AllianzGI is generally the sole or majority lender, and thus has a controlling creditor position, which can give it a high degree of influence (even if it does not have as much power as an equity shareholder).
Company size focus
The average direct lending fund has increased in size over the past 10 years, which has shifted the focus to mid to large companies. There are fewer direct lending strategies focused on lower mid-market companies as AllianzGI is.
Emerging and Developed Markets (EM and DM)
AllianzGI aims to apply a consistent impact approach across developed and emerging markets, seeking to pursue the same SDGs, but there are practical reasons for differences in the impact process: “in practice, data limitations in EM mean that we work more closely with DFI partners and rely on their assessments. In developed markets our own analysis plays a larger role, “ points out Mak.

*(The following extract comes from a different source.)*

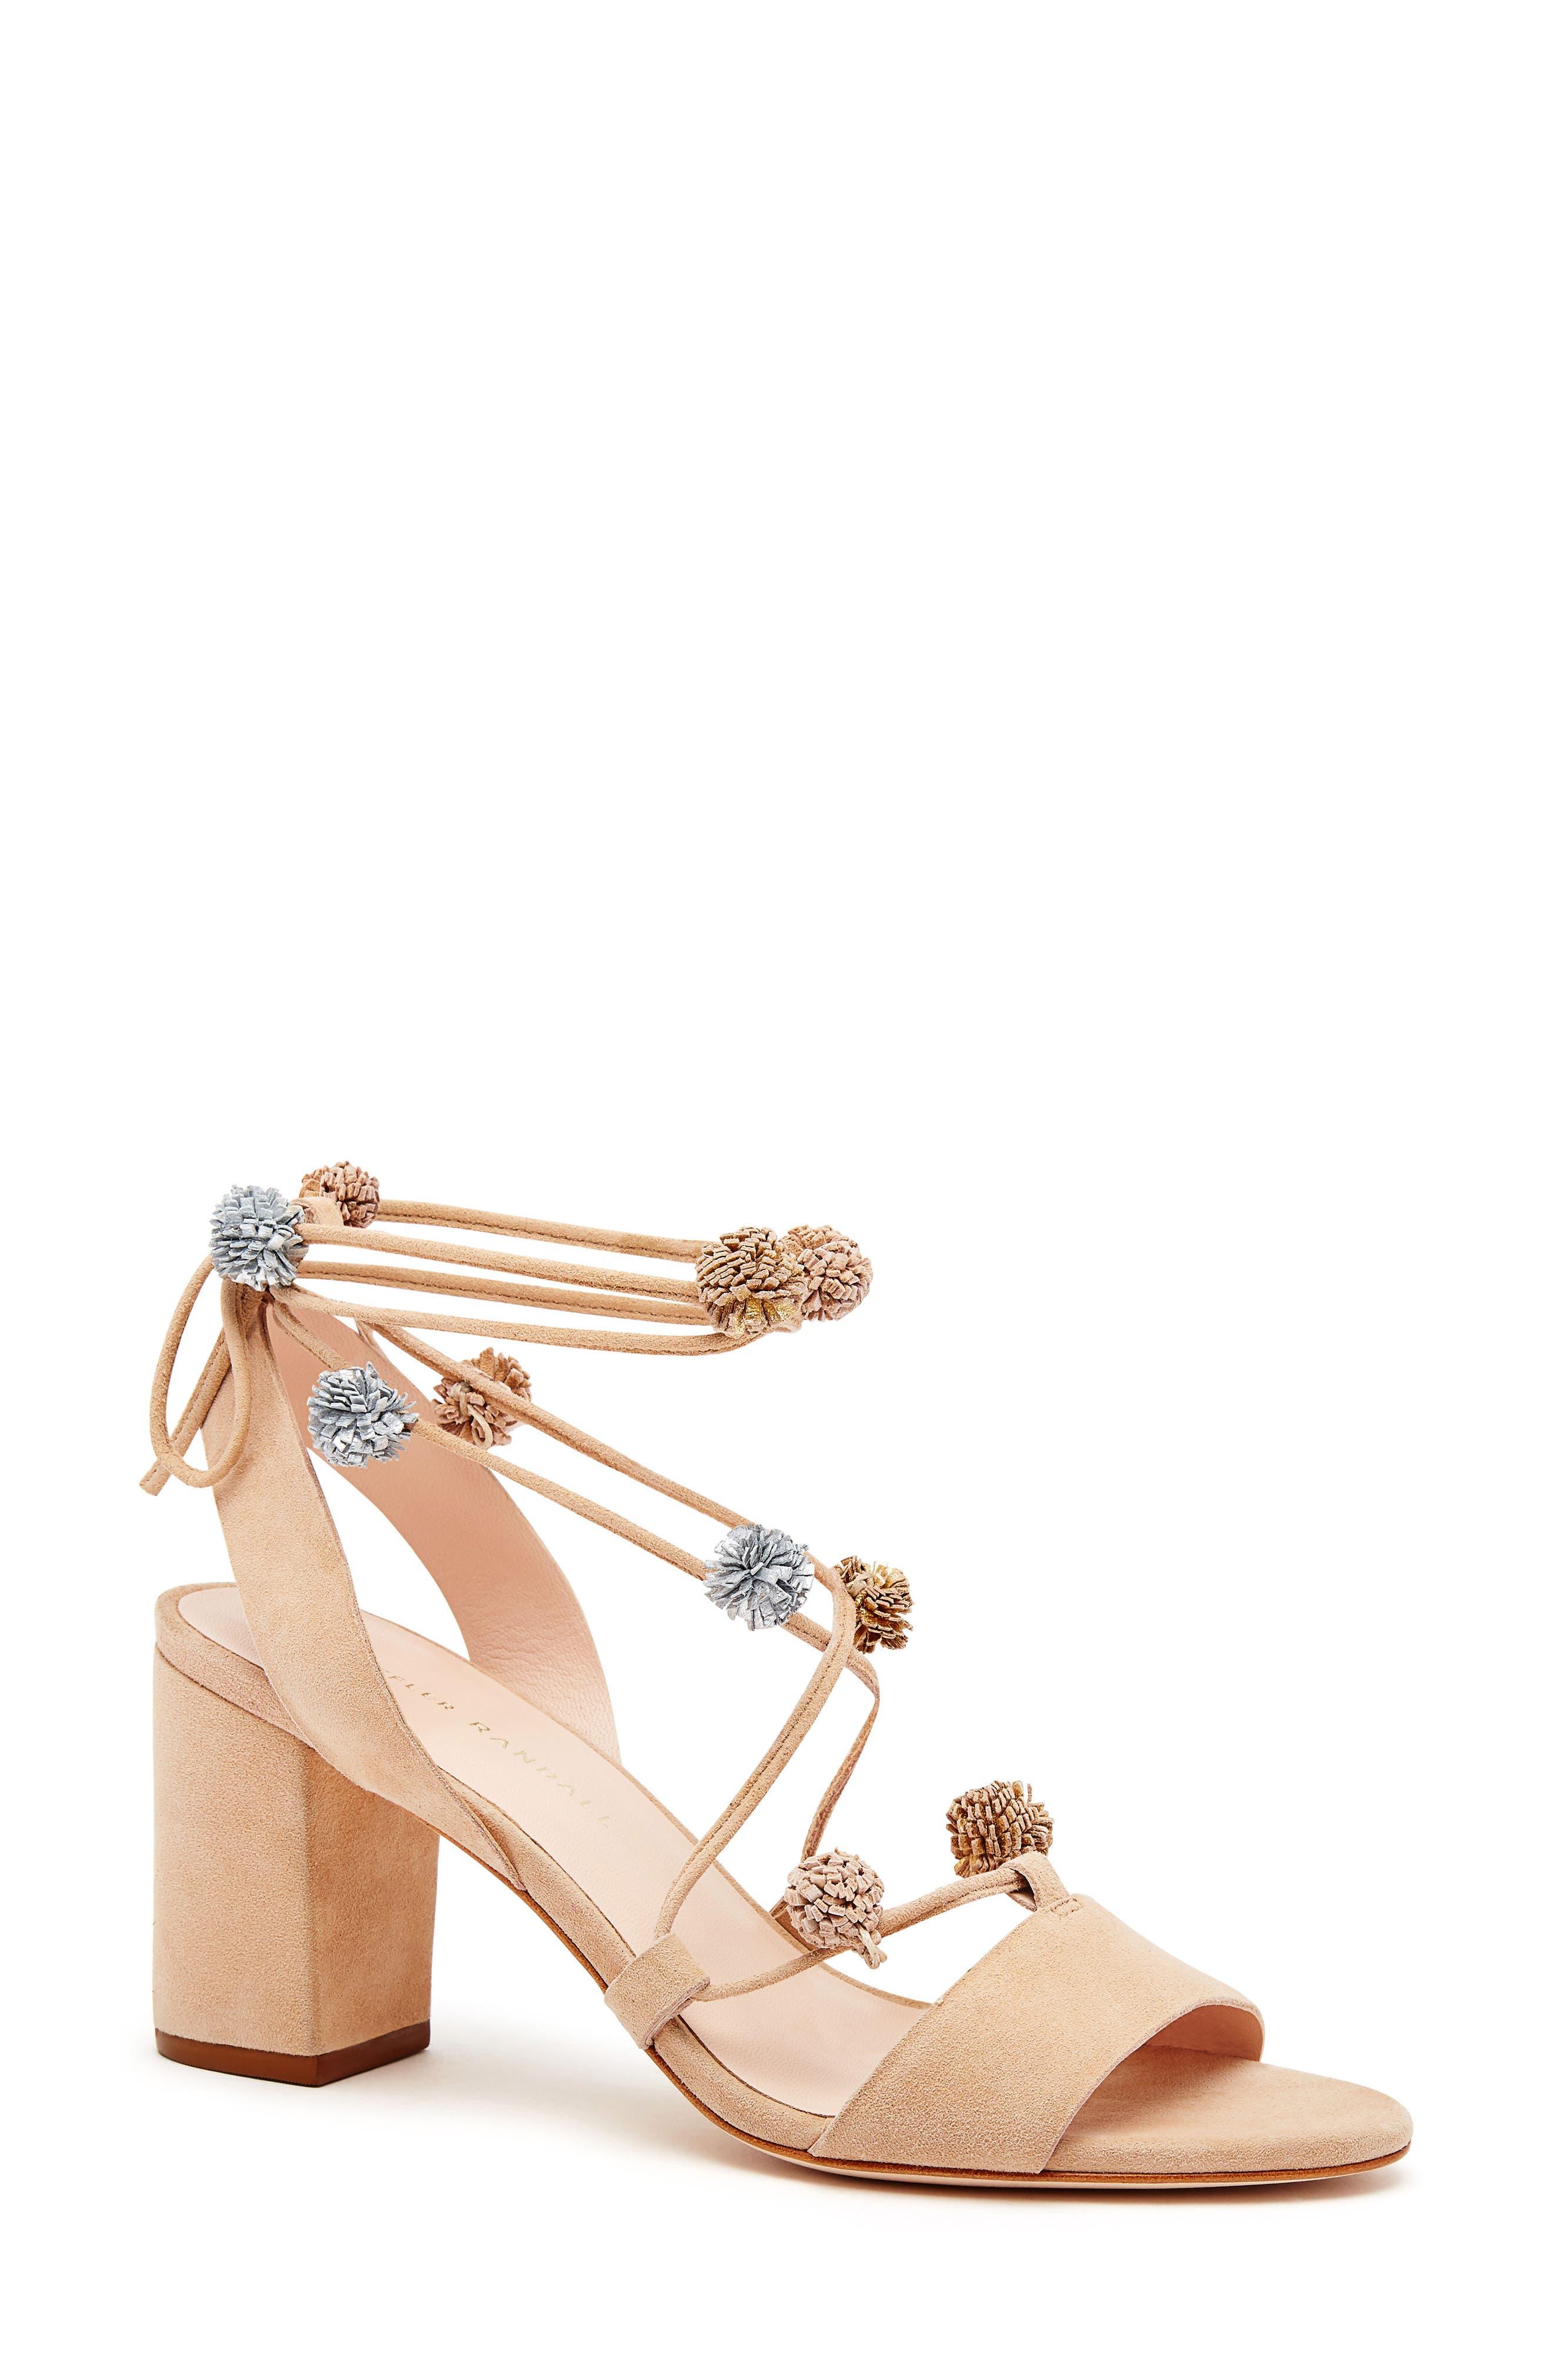 Loeffler Randall Bea Pompom Lace-Up Sandal (Women)

“The Emerging markets context creates an additional layer of credit / political / currency and other risk which require assessment. In these markets, we tend to partner with Development Finance Institutions and use blended finance to reduce said risks to our investors.,” says Nikolova. Providing capital where it is scarce, in underbanked countries, is one example of impact in itself.
In DM most of AllianzGI’s impact investing is in Europe, but it can extend to other OECD countries. , Allianz GI does not expect impact strategies to sacrifice investment returns. Competitive returns are sought.